**ASSIGNED TASK:**
Only certain lines below are wanted: those starting at the line containing "Hooker Furniture Brookhaven" and ending at the line containing "Kitchen, new appliances", both included, each retyped exactly.

**SUPPLIED INFORMATION:**
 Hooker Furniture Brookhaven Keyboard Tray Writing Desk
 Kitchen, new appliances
---
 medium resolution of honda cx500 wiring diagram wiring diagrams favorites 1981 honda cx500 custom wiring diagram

**WRITTEN SOLUTION:**
 Hooker Furniture Brookhaven Keyboard Tray Writing Desk
 Kitchen, new appliances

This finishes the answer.